Important: This workshop has a cap of 15 people. Attendees will state whether they want to participate on Thursday morning on a first-come, first-served basis.

  1. L. Bone is a bestselling dark fantasy and paranormal romance author. Her works include the Black Rose Guard series, the Flames of Kalleen series, the Rise of the Temple Gods series, a stand-alone science fiction novel, The Indoctrination, and numerous novellas. Following a master’s degree in modern literary cultures, Bone is currently working toward her PhD in creative writing at Queen’s University Belfast. A world traveller, Bone has lived in the Pacific Northwest, California, London, and most recently, Belfast. When not immersed in words, of her own creation or studies, you’ll find her traveling to ancient sites that have inspired storytellers for millennia.

Mythability: The Disabled Mythosphere

by Hayleigh Barclay and Gary Nelson

This workshop will examine how disability/disabled characters are portrayed within creative media. We will explore the concept of disability and if/how it affects narrative. We will deconstruct the myths of sociocultural perceptions of disability, how audiences react to disability, and how society creates its own Mythosphere.

As a way of investigating this further, you will create a disabled character and plan out a story arc, thereby populating the Mythosphere with more disabled characters and embracing the limitless possibilities of storytelling. We actively encourage participants to discuss a wide range of media, including stage and screen, literature, and graphic novels.

Important: This workshop has a cap of 12 people. Attendees will state whether they want to participate on Thursday morning, on a first-come, first-served basis.

Dr Hayleigh Barclay has recently obtained a DFA in Creative Writing from the University of Glasgow, focusing on the female vampire within Gothic literature. Part of the doctorate involved writing her first novel, Girl of the Ashes, which currently awaits publication. She is a regular writer for Disability Horizons and has contributed to an online anthology of short stories and poems, Dancing with Death. She received an MA in Creative Media Practice, specialising in writing, directing and producing for TV, film, and radio, including producing a play based on a Pagan retelling of Robert Burns’ Tam O’Shanter.

Gary Nelson has an MA in Creative Media Practice, and spends time between writing and acting. He has taken part in theatre tours in Scotland for productions of Shang-A-Lang and A Streetcar Named Desire, written and directed for a local theatre group, and has been an extra for television shows such as Two Doors Down, Clique, and River City. He is also currently developing live performance events for National Trust venues, a stage play for a Scottish football club, and a sitcom for television, looking at life with a disability.

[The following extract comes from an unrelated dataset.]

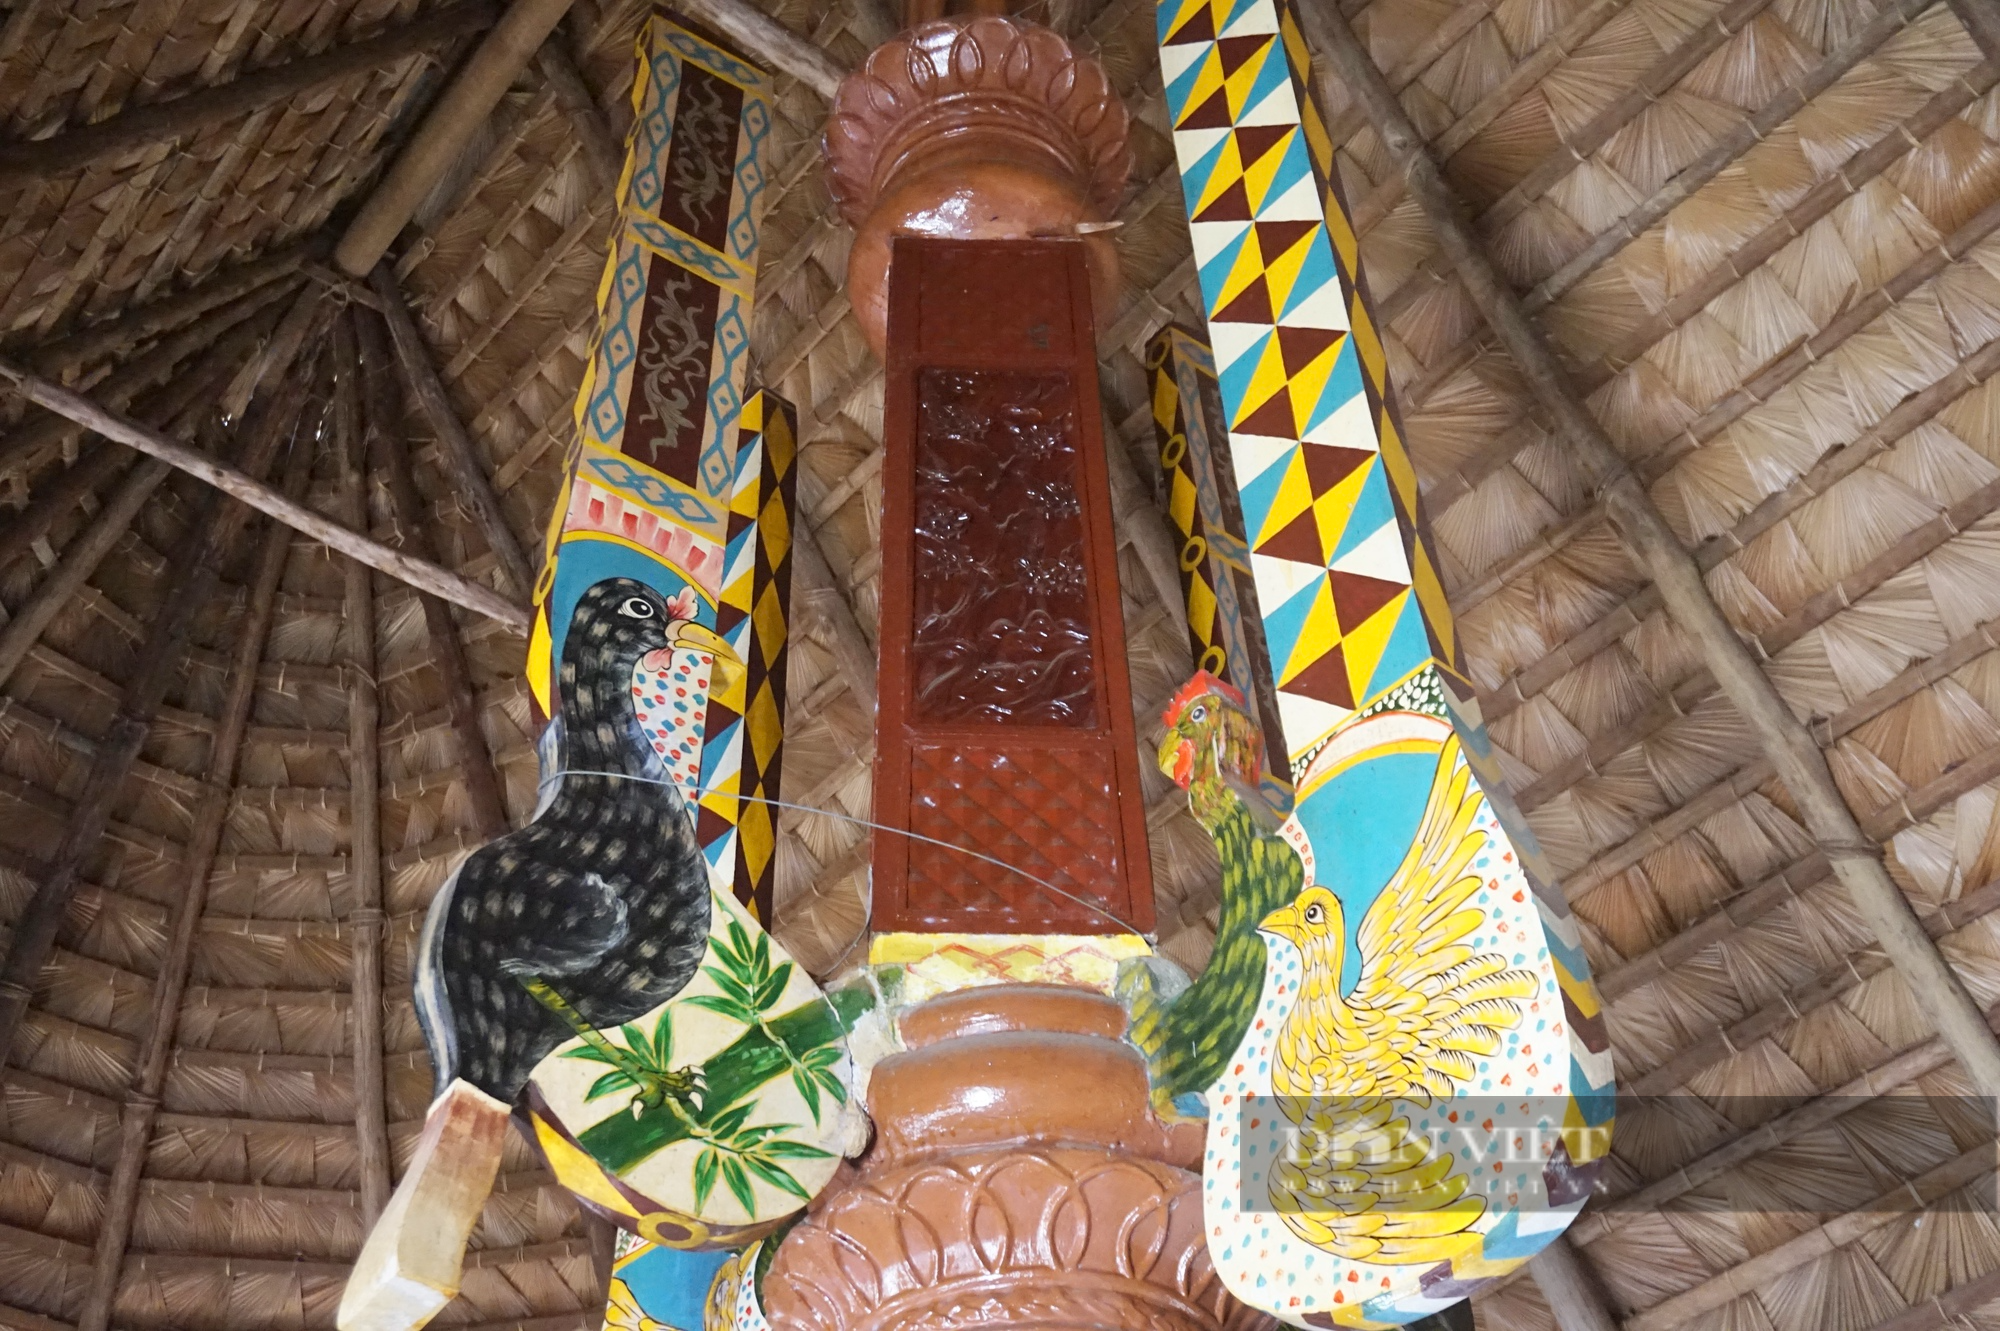 Đà Nẵng: Giữ gìn và phát huy bản sắc văn hoá dân tộc, người Cơ Tu “hái ra tiền” từ du lịch cộng đồng - Ảnh 7.

Embodying Character: Using Acting Techniques to Enter Fictional Worlds

by Alexandra Grunberg

Writing fantasy characters in secondary-world settings can be an overwhelming endeavour. Visualization tools help us enter the worlds we build and see them through the eyes of our characters. In this workshop, I will lead the group in the Strasberg acting technique of visualization, an active exercise in imagination that allows the performer to inhabit the body and environment of the character. We will conclude with a writing exercise from the character’s point of view. This workshop focuses on visualization, not performance, and is appropriate for participants who have no acting experience!

Important: This workshop has a cap of 20 people. Attendees will state whether they want to participate on Thursday morning on a first-come, first-served basis.

Alexandra Grunberg is an author, screenwriter, and poet. She received an MLitt in Creative Writing with Distinction from the University of Glasgow, where she is currently pursuing a DFA in Creative Writing. She received a BFA in Theatre with Honours from New York University where she studied the Strasberg and Meisner acting techniques. Favourite acting roles include Charlotte Goodall in The Night of the Iguana and Titania/Hippolyta in A Midsummer Night’s Dream. Her fiction has appeared in various magazines and anthologies, including publications certified by the Science Fiction and Fantasy Writers of America.